Action item: Write out exactly every line from the one containing "Merry Christmas Invitation" through the final line of the material below, both included. Pictures are to be skipped.

[Dataset extract Boundary: Start]

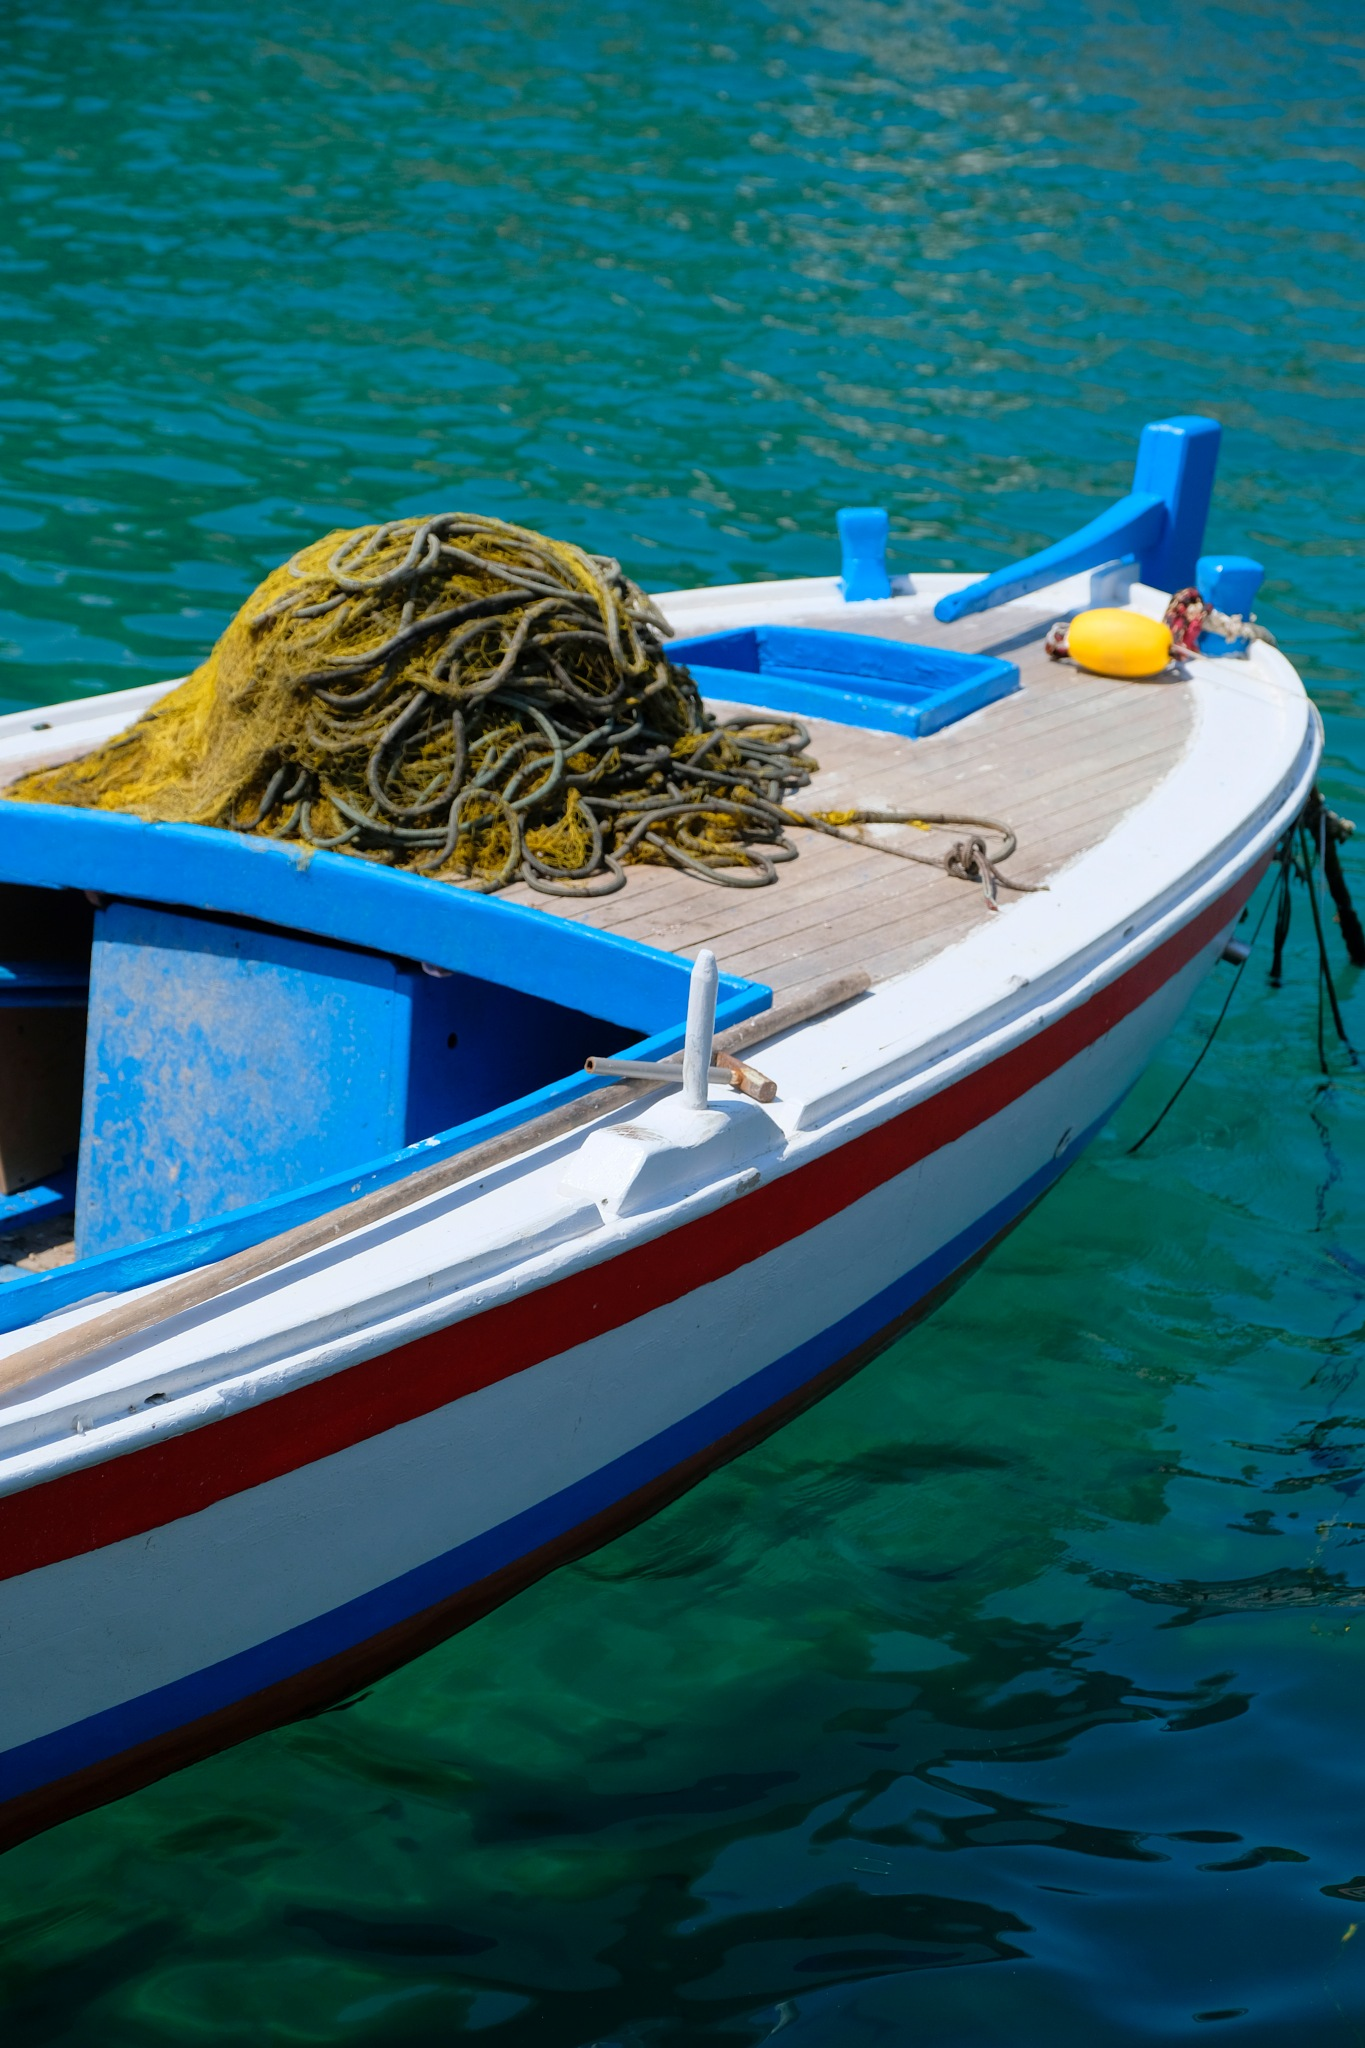 Summer in Croatia :BRAC ISLAND by Goran Jorganovich
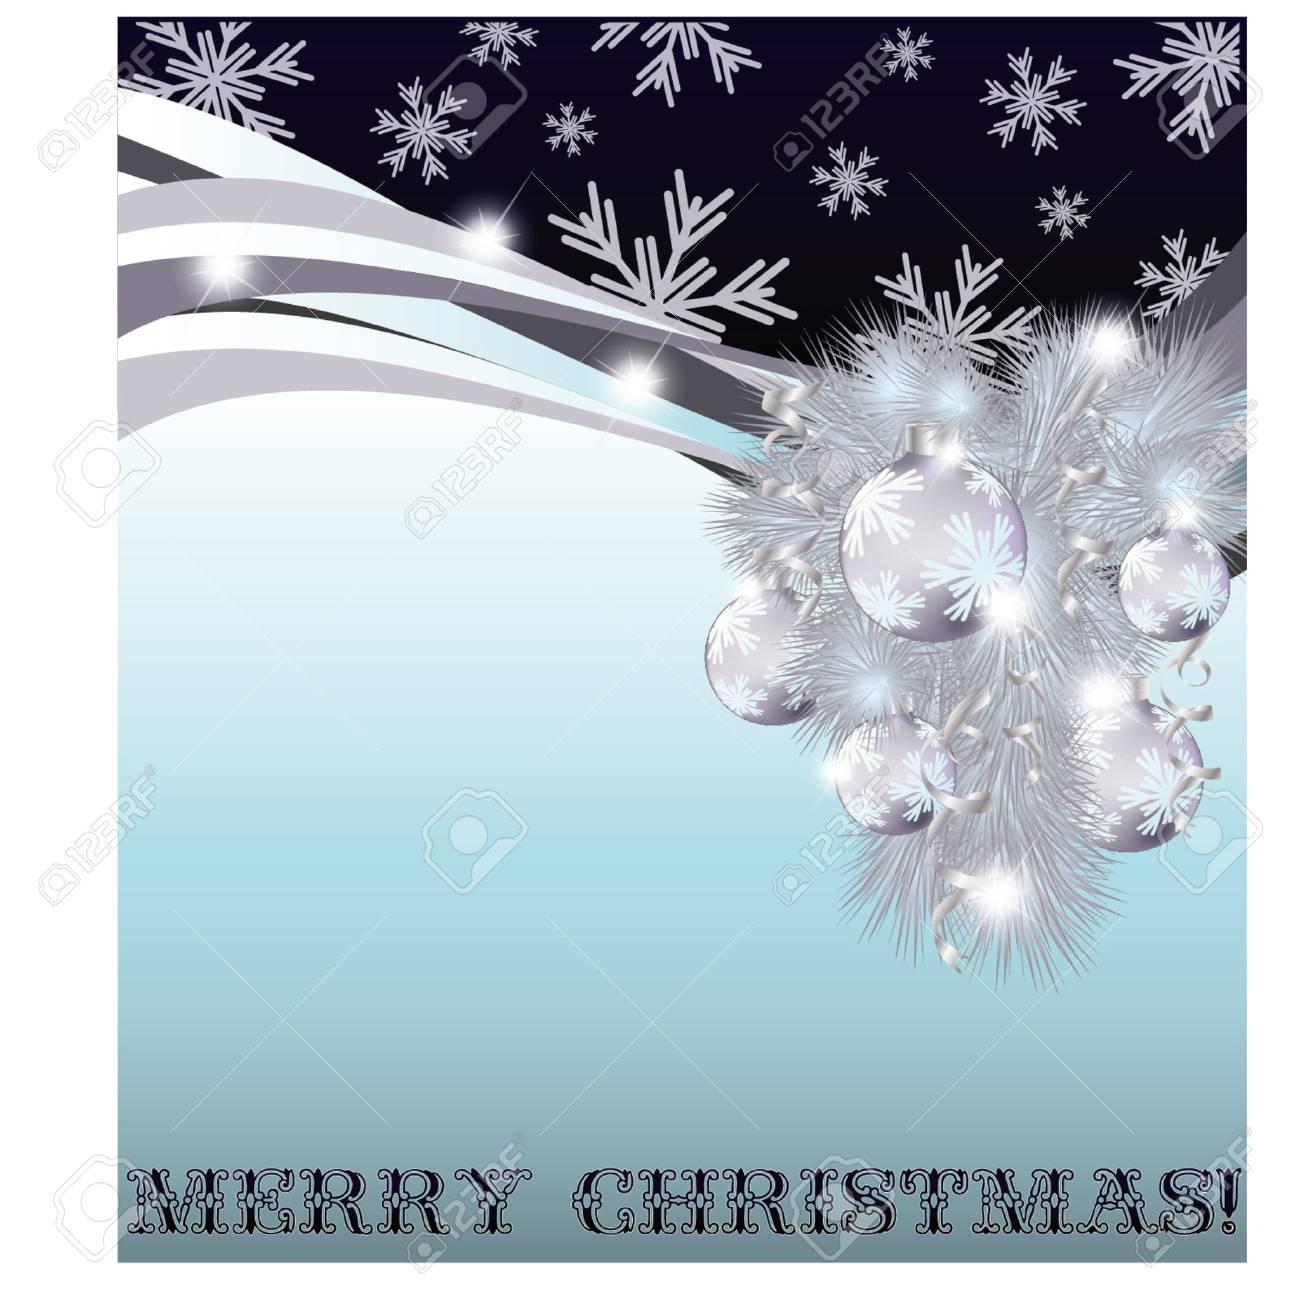 Merry Christmas Invitation Card Vector Illustration
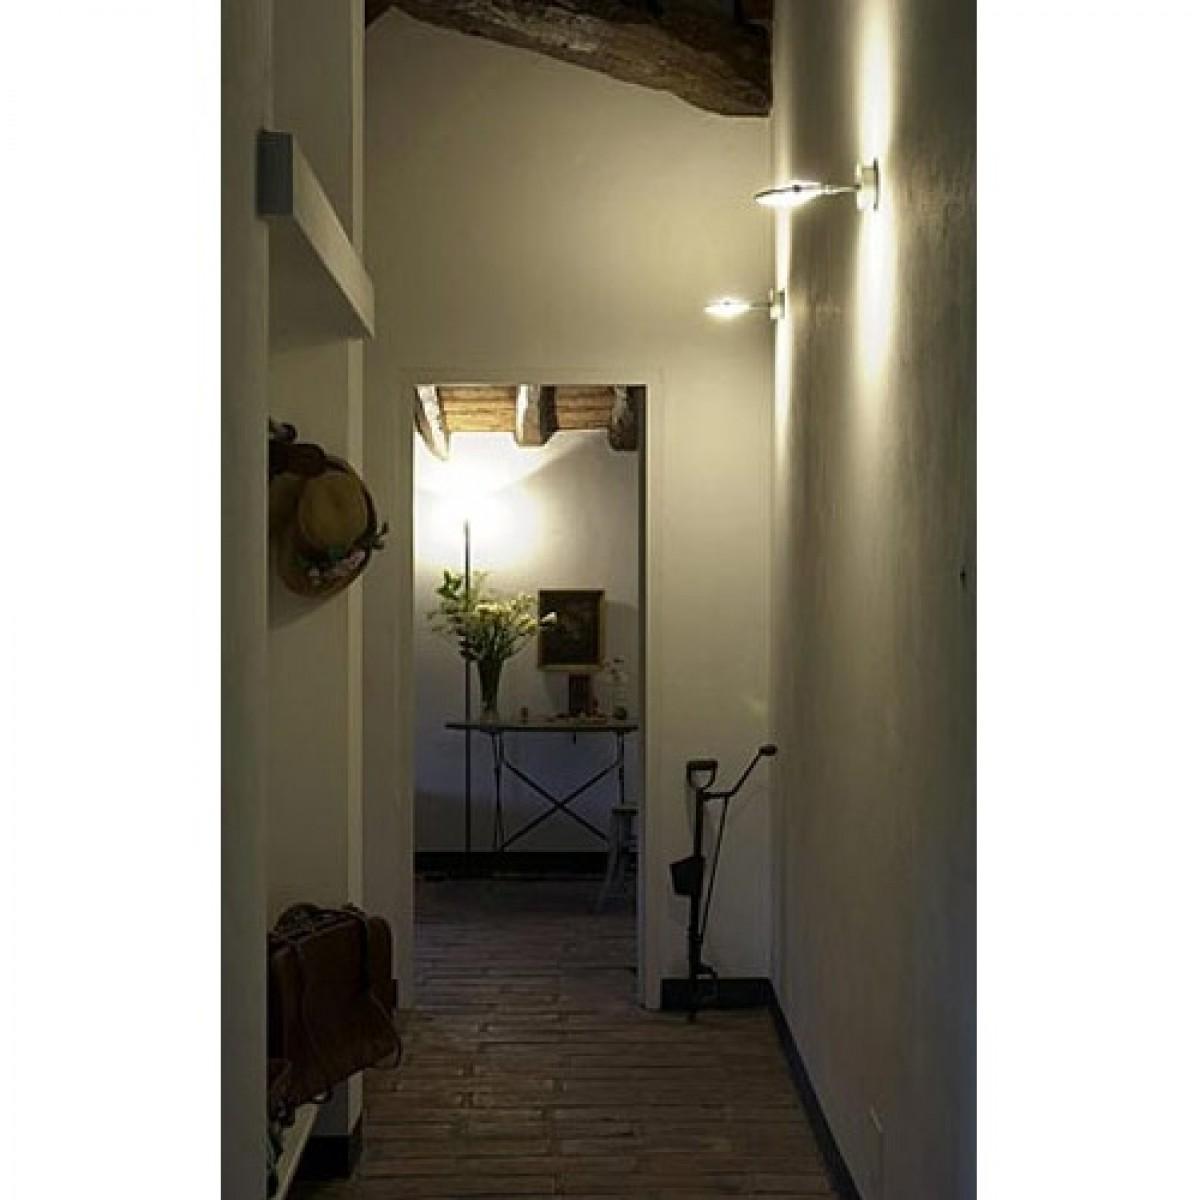 FontanaArte Nobi Wall Lamp Outlet | Desout.com

[Dataset extract Boundary: End]

Answer to this exercise:
 Merry Christmas Invitation Card Vector Illustration
 FontanaArte Nobi Wall Lamp Outlet | Desout.com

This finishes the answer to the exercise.